On regardait encore la manifestation, quand un bruit éclata sur la place : le fort d’Issy est évacué !
Sous le couvert de leurs batteries, les Versaillais, poussant leurs cheminements, avaient, dans la nuit du 26 au 27, surpris les Moulineaux d’où l’on pouvait gagner le parc d’Issy. Les jours suivants, soixante pièces de gros calibres concentrèrent leurs obus sur le fort, tandis que d’autres occupaient Vanves, Montrouge, les canonnières et l’enceinte. Issy répondait de son mieux ; mais les tranchées que Wetzel ne savait pas commander étaient très mal tenues. Le 29, le bombardement redoubla et les projectiles fouillèrent le parc. À minuit, les Versaillais cessaient le feu et surprenaient les fédérés des tranchées. Le 30, le fort, qui n’avait reçu aucun avis de cette évacuation, se réveilla entouré d’un demi-cercle de Versaillais. Le commandant Mégy se troubla, fit demander des renforts, ne reçut rien. La garnison s’émut, et ces fédérés qui supportaient si bien la pluie des obus, s’effrayèrent de quelques tirailleurs. Mégy tint conseil ; l’évacuation fut décidée. On encloua les canons précipitamment et si mal qu’ils furent décloués le soir même. Le gros de la garnison sortit. Quelques hommes comprirent autrement leur devoir et voulurent rester pour sauver l’honneur. Dans la journée, un officier versaillais les somma de se rendre dans un quart d’heure, sous peine d’être passés par les armes. Ils ne répondirent pas. Les Versaillais n’osèrent pas s’aventurer.
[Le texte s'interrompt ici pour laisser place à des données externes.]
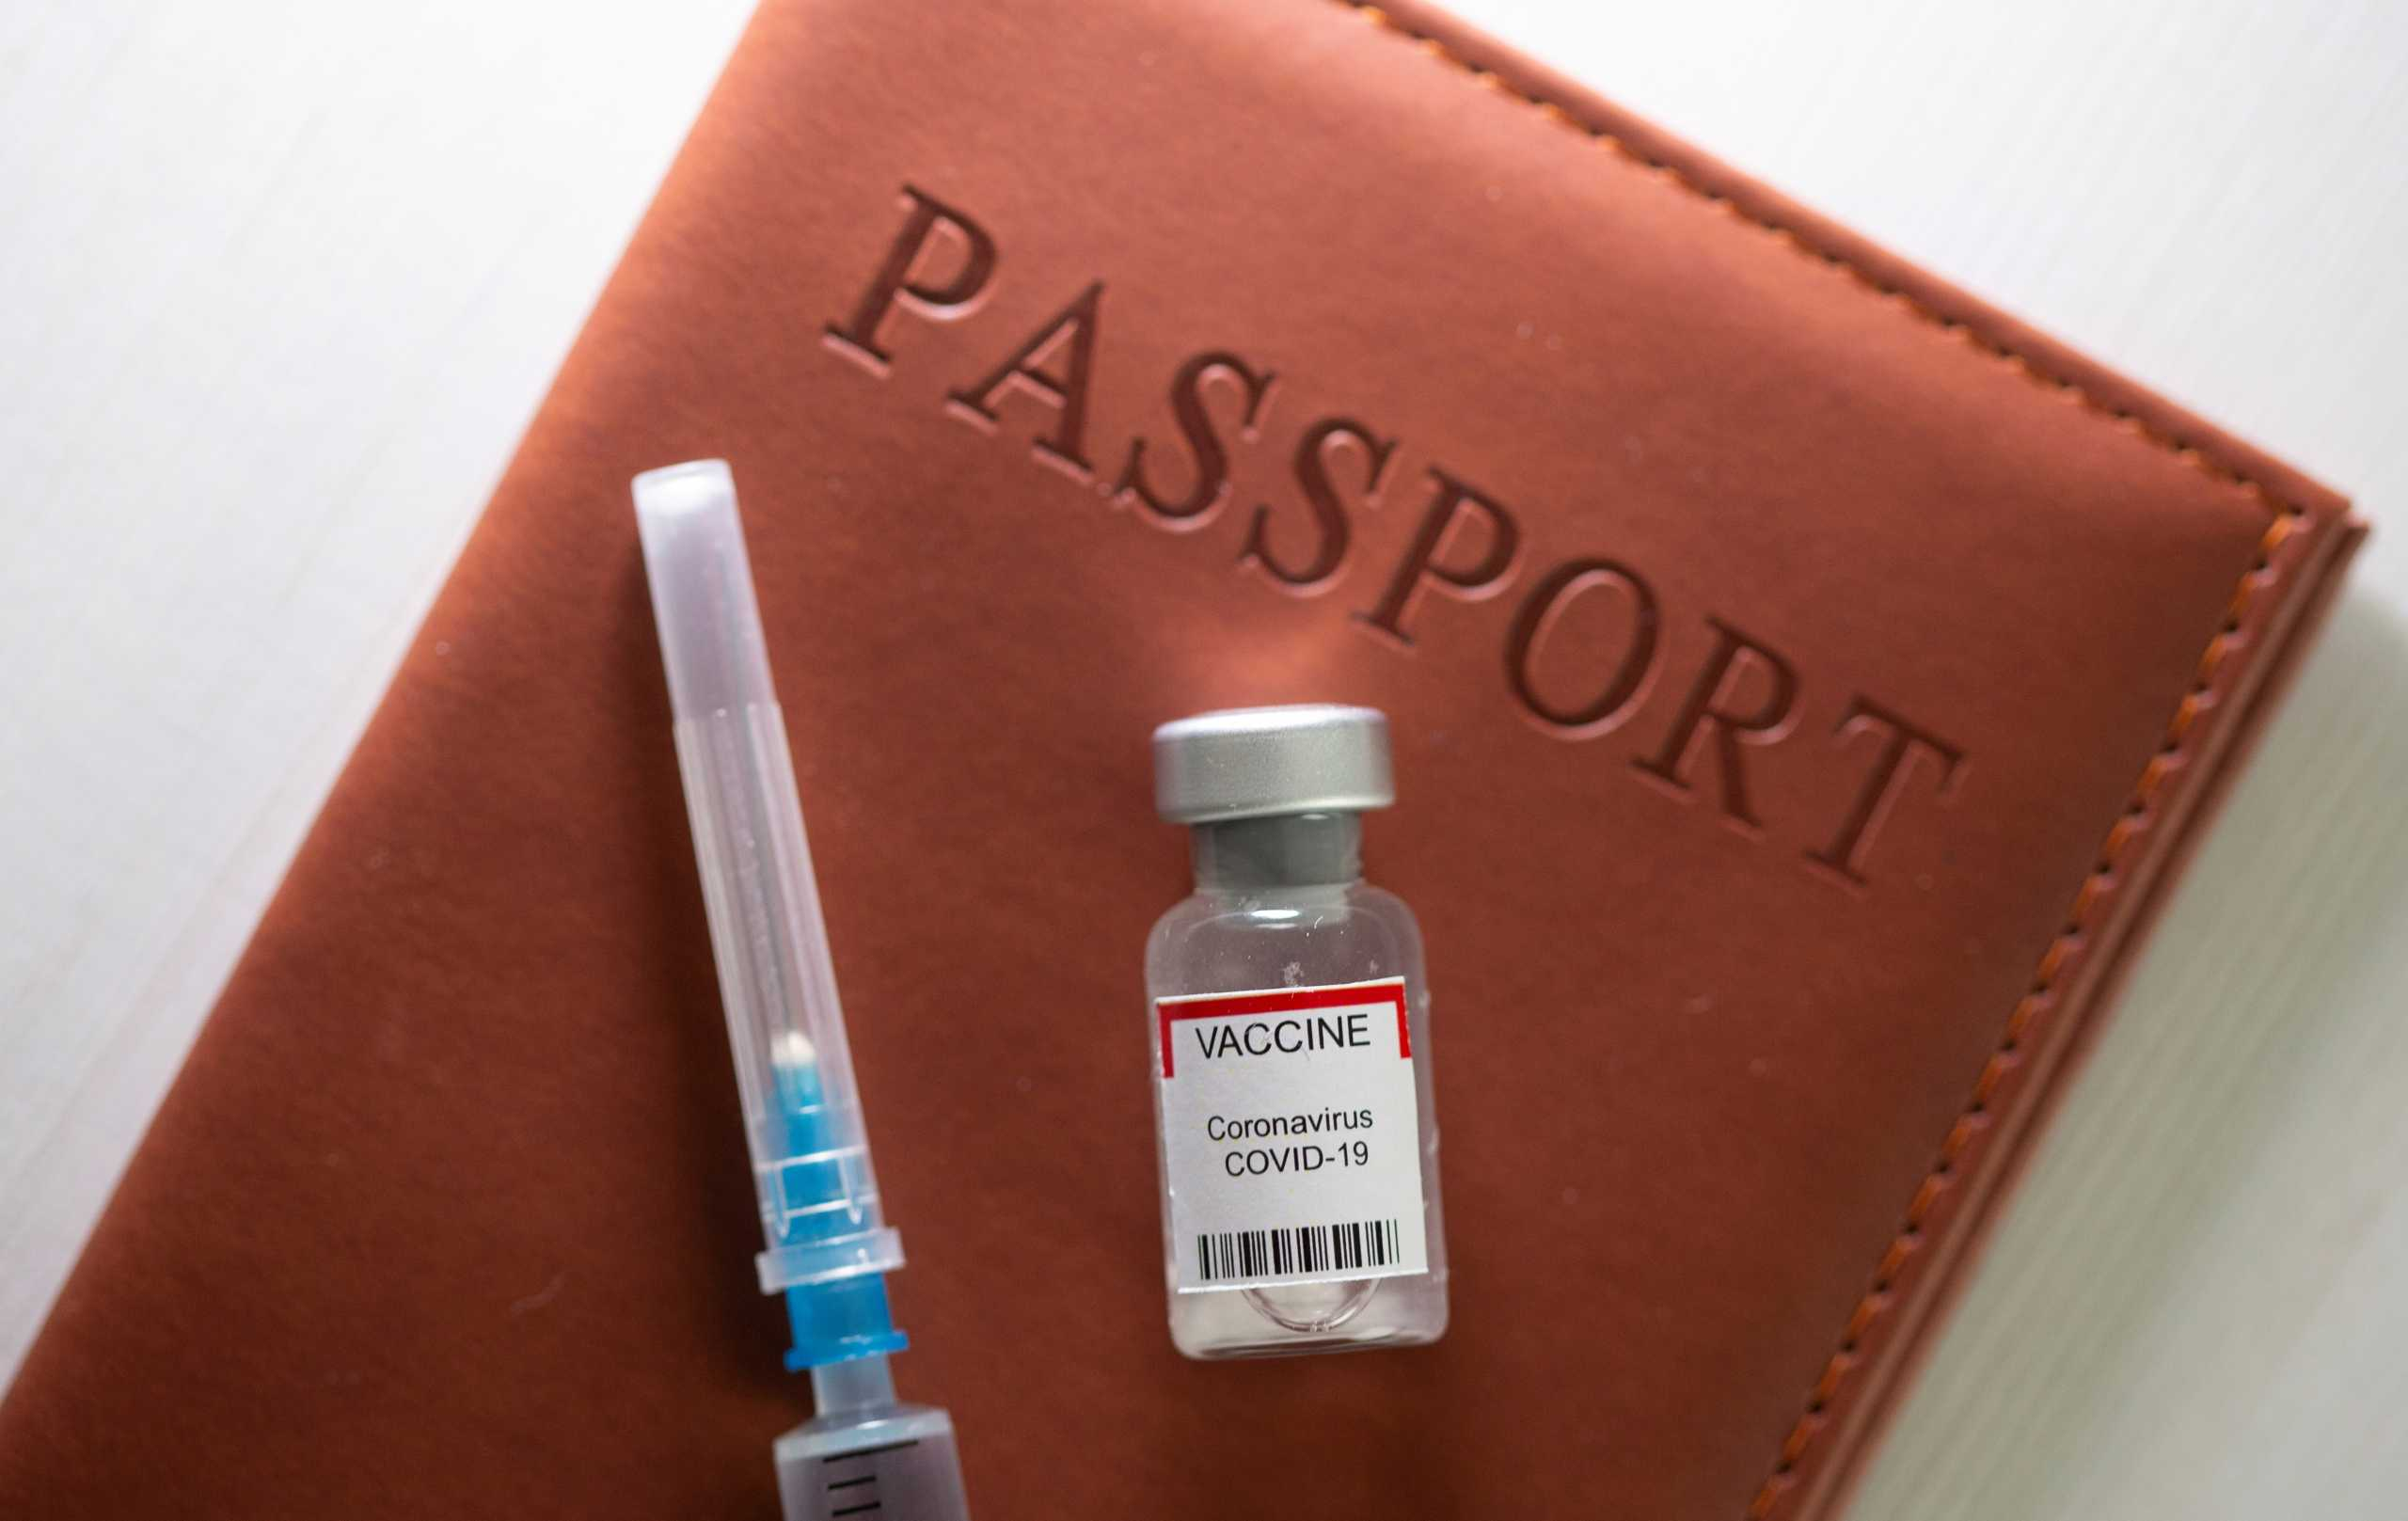 Η Αλαμπάμα απαγόρευσε τα πιστοποιητικά εμβολιασμού κατά του κορονοϊού

À cinq heures, Cluseret et La Cécilia arrivèrent à Issy avec quelques compagnies ramassées à la hâte. Elles se déployèrent en tirailleurs ; à huit heures, les fédérés rentrèrent dans le fort. Sous la porte d’entrée, un enfant, Dufour, auprès d’une brouette remplie de cartouches et de gargousses, était prêt à se faire sauter, croyant entraîner la voûte avec lui. Dans la soirée, Vermorel et Trinquet amenèrent d’autres renforts et les fédérés réoccupèrent toutes les positions.
Aux premiers bruits d’évacuation, des gardes nationaux étaient venus à l’Hôtel de Ville interpeller la Commission exécutive. Elle affirma n’avoir donné aucun ordre d’évacuer le fort et promit de punir les traîtres, s’il y en avait. Le soir, elle arrêta Cluseret à son arrivée du fort d’Issy. Il quitta le ministère laissant une situation militaire plus mauvaise qu’à son entrée ; l’armée d’opération qu’il avait promise n’était pas réunie, l’armement ni l’équipement n’avaient progressé ; il y avait moins d’hommes sous les armes et Issy était compromis. Toute sa défense intérieure avait été d’enterrer, au Trocadéro, des canons qui, disait-il, faisaient brèche au mont Valérien. Plus tard, il devait rejeter son incapacité sur ses collègues, les traitant d’imbéciles, de vaniteux, accusant Delescluze de fourberie, disant que son arrestation avait tout perdu, s’appelant modestement « l’incarnation du peuple ».